Madame de Coutais ne savait plus où se mettre et se força à répondre aimablement.

– Isaac est le petit fils des Balvay qui habite à la ferme du Château. Ce sont eux qui nous fournissent en lait, fruits et légumes. Et à ses côtés, voici Annabelle. Ne fais pas cette tête mon enfant, présente toi donc.

Nicolas ne lui laissa même pas le temps d'ouvrir la bouche et la coupa dans son élan.

– La fameuse fille de ma soeur Hélène et... quel était son nom déjà ?, se trouvait-il drôle.

Ce commentaire n'était pas le bienvenu et déplut à Annabelle qui rétorqua, avec culot :

– Vincent Brisson. Je suis une Brisson et fière de l'être.

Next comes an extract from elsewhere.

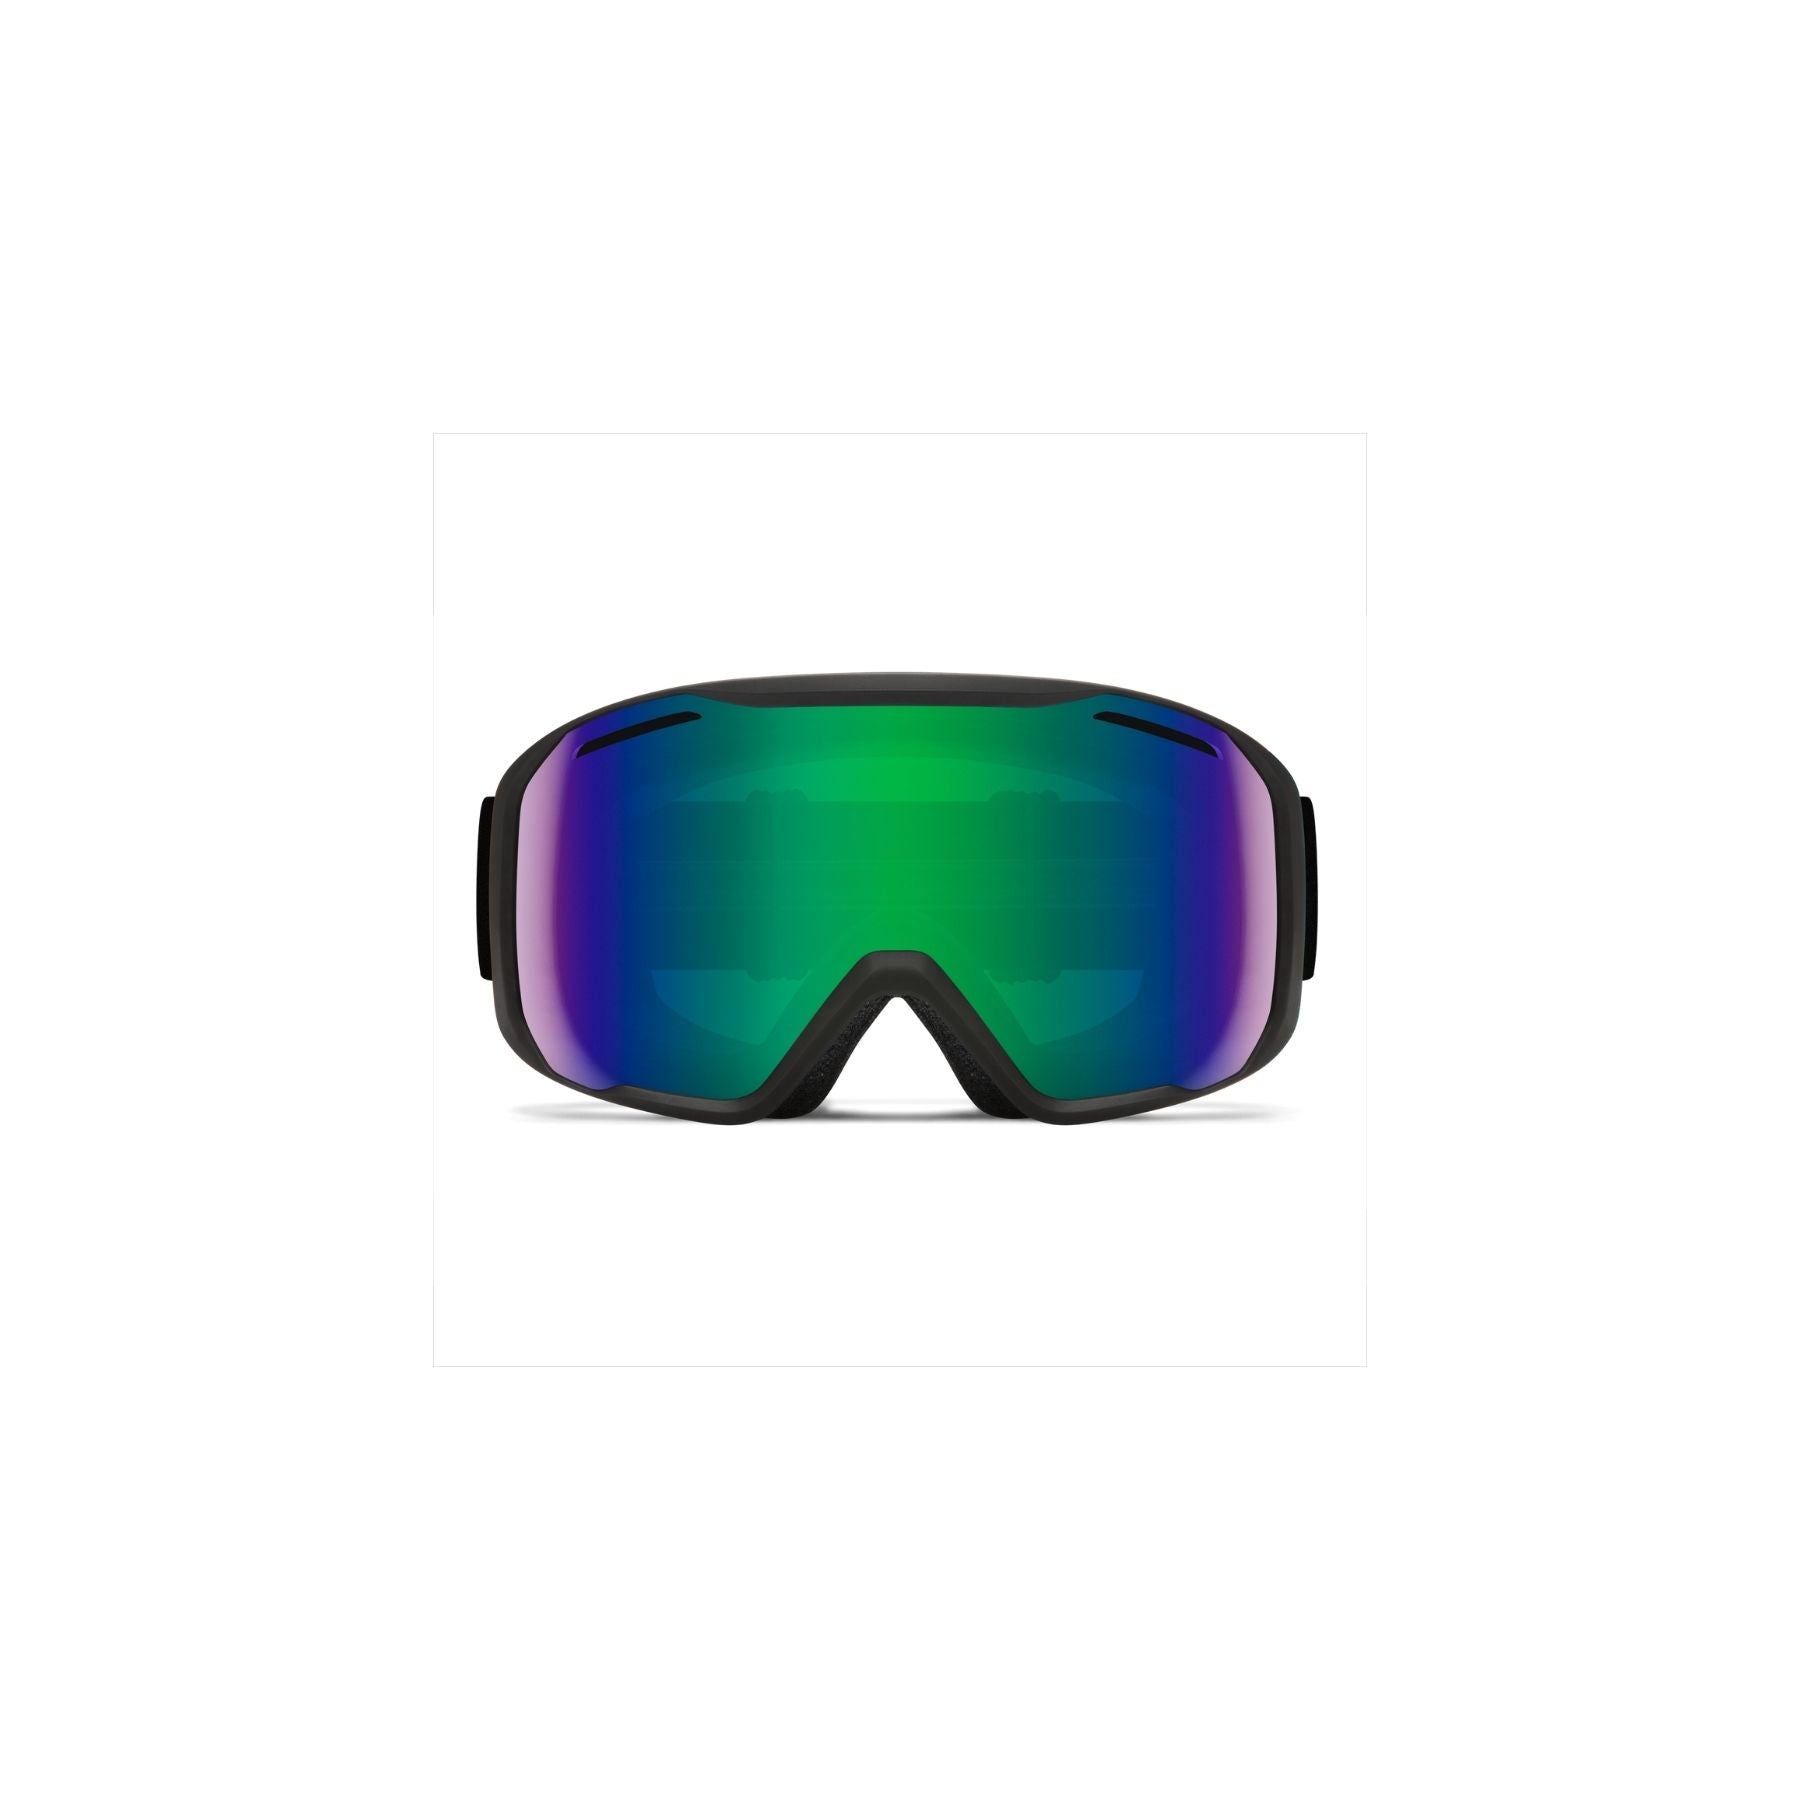 Smith Blazer Goggles in Black Green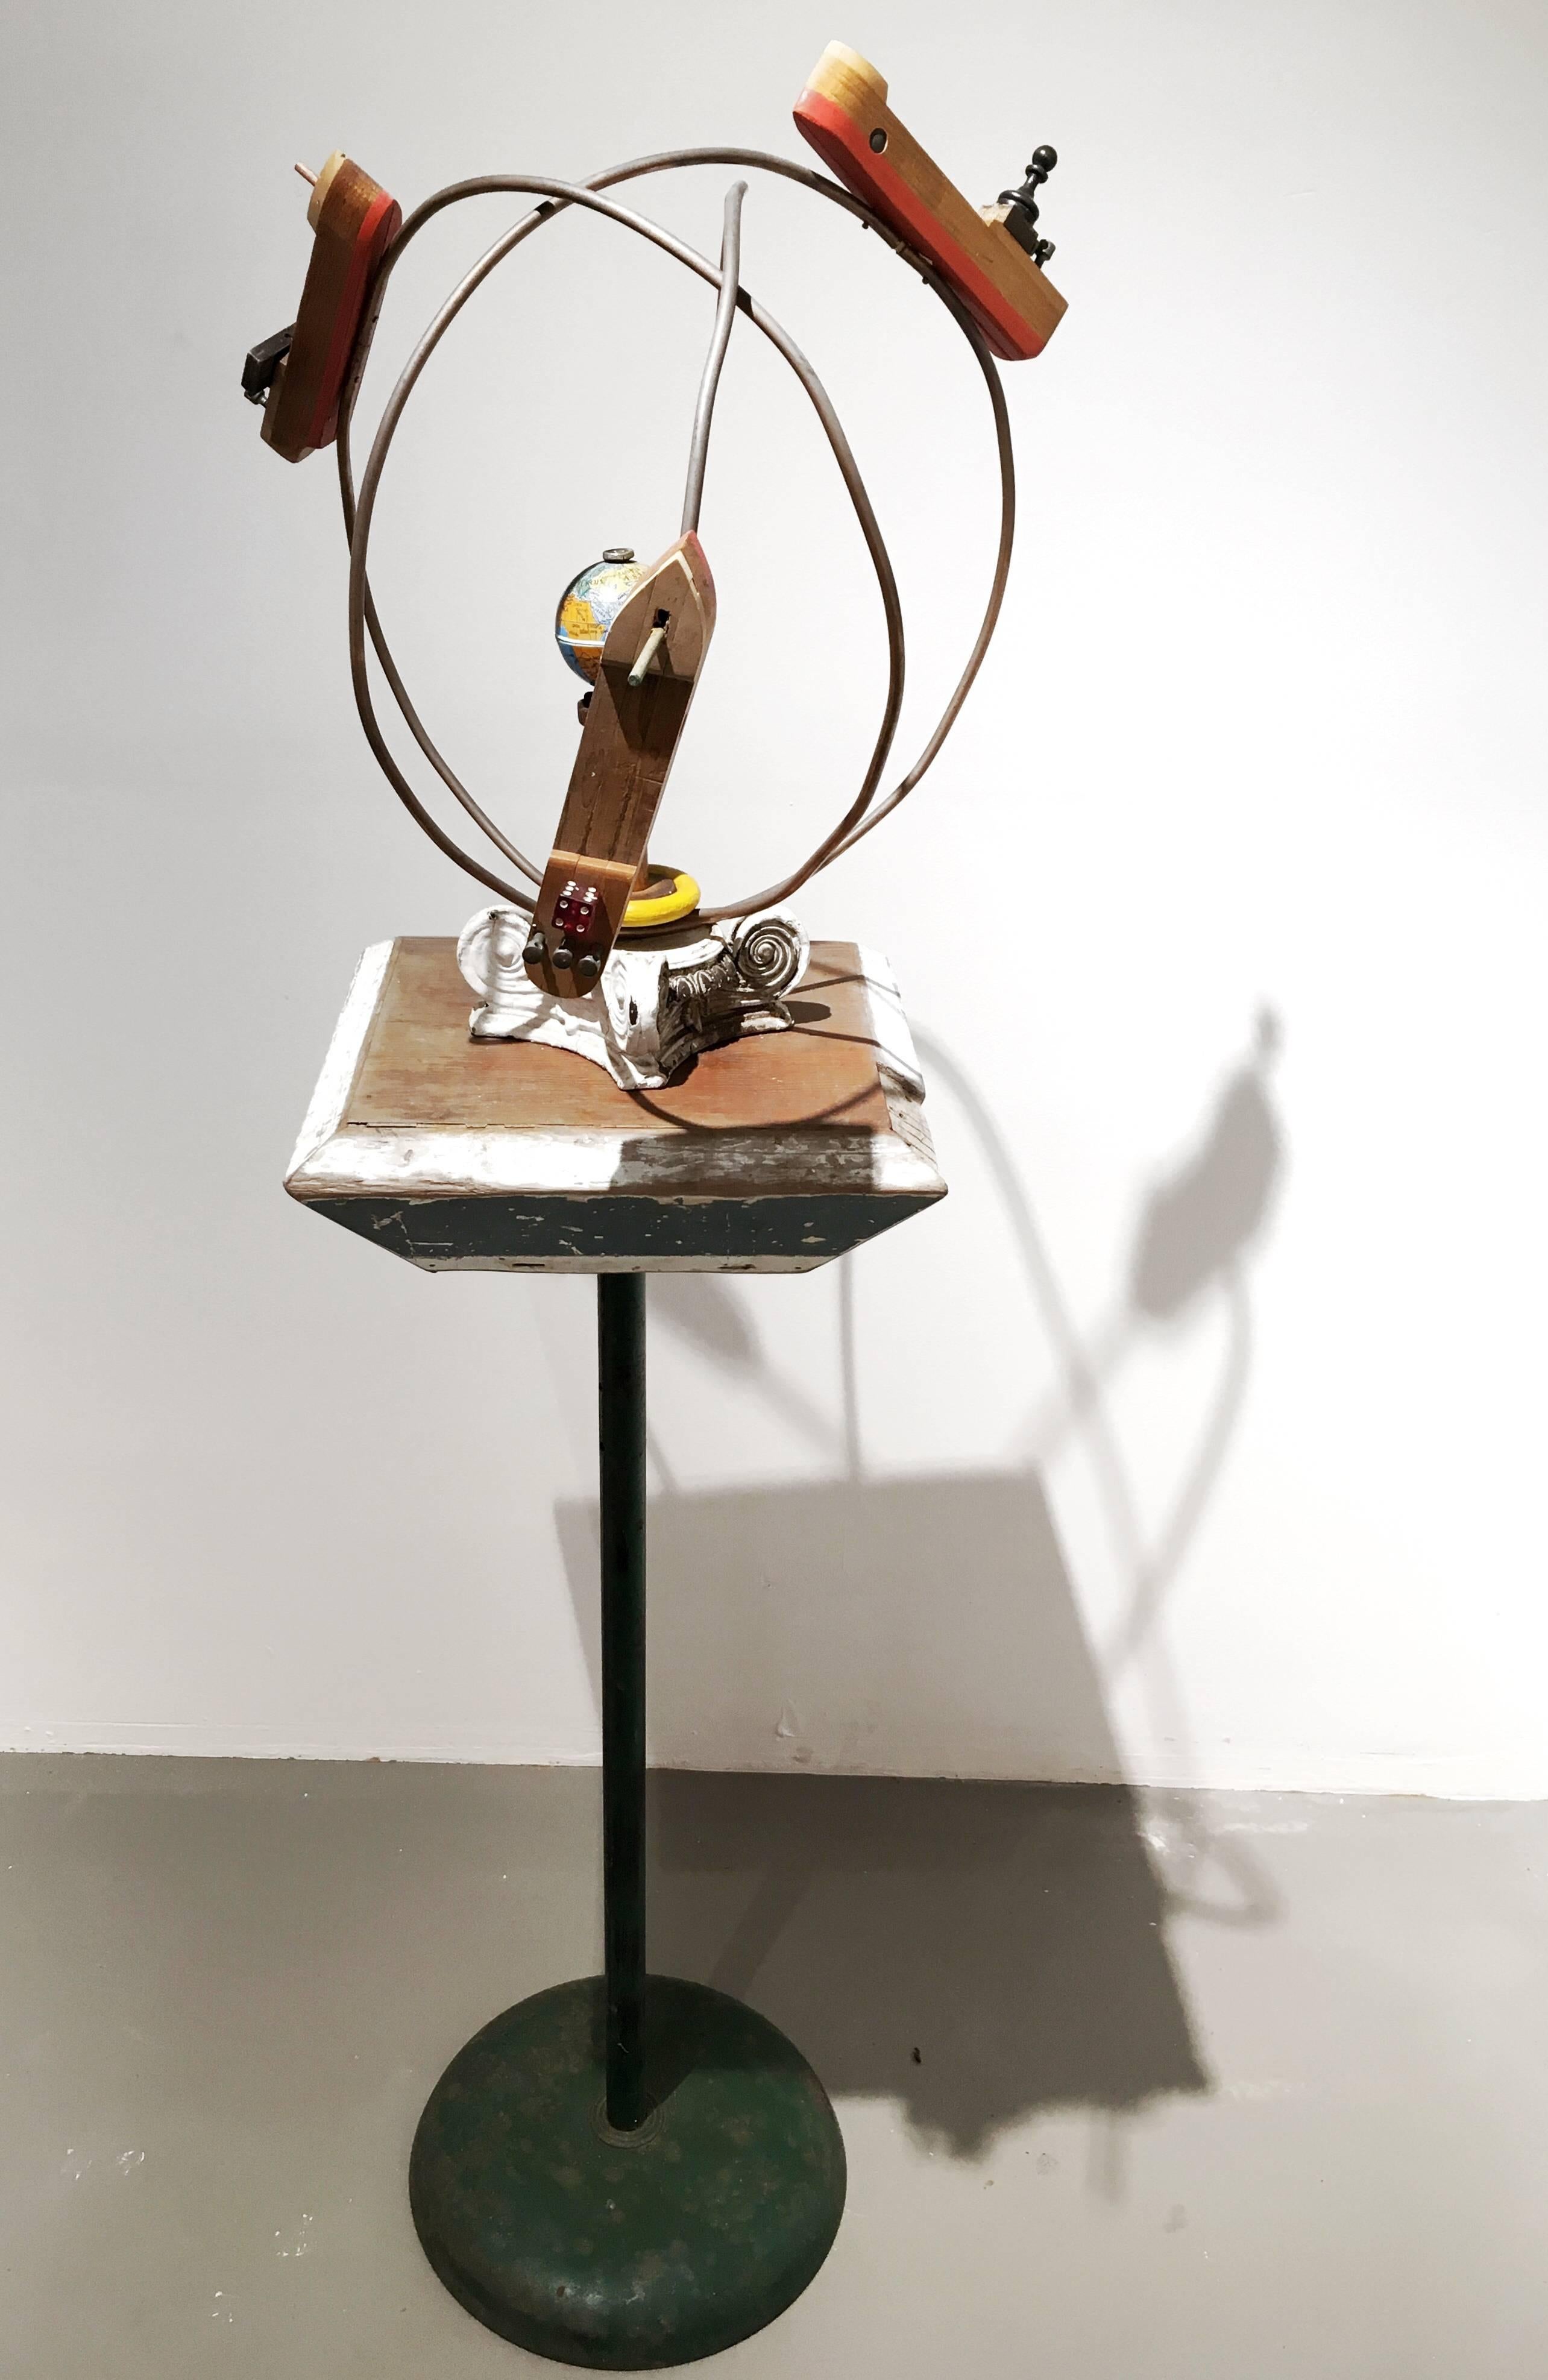 Untitled (assemblage) - Sculpture by Doug Britt

Nicolas aurait voulu réprimander la petite pour son attitude inappropriée et Clothilde, aussi polie qu'elle pouvait le paraître, ajouta à son tour :

– C'est une qualité d'être fier de ses origines. Mais tout le monde ne naît pas dans les mêmes conditions que nous, n'est-ce pas Nicole ?

La vieille dame fût certes prise de court, mais n'eut aucun mal à rebondir.

– Heureusement, notre sang noble coule dans ses veines.

Elle se tourna ensuite en direction du garçon et le remercia d'avoir ramené sa petite fille, sous-entendu qu'il n'était plus le bienvenu ici pour le moment et qu'il valait mieux qu'il retourne chez lui. Il se courba par respect et s'enfuit sans dire un mot.

Madame de Coutais invita tout le monde à entrer et demanda à Dorothée de mettre la bouilloire sur le feu, il était presque l'heure du thé.

– Clovis vous conduira au salon pendant que j'accompagnerai Annabelle se changer. Il est vrai que nous ne vous attendions pas avant un jour, au moins !

La petite famille s'excusa de ne pas avoir précisé dans la lettre qu'il prendrait le train jusqu'à Nantes et arriveraient donc plus tôt.

– Clothilde était réticente mais reconnaît que c'est une invention des plus pratiques. Un gain de temps considérable, n'êtes vous pas d'accord ma chère ?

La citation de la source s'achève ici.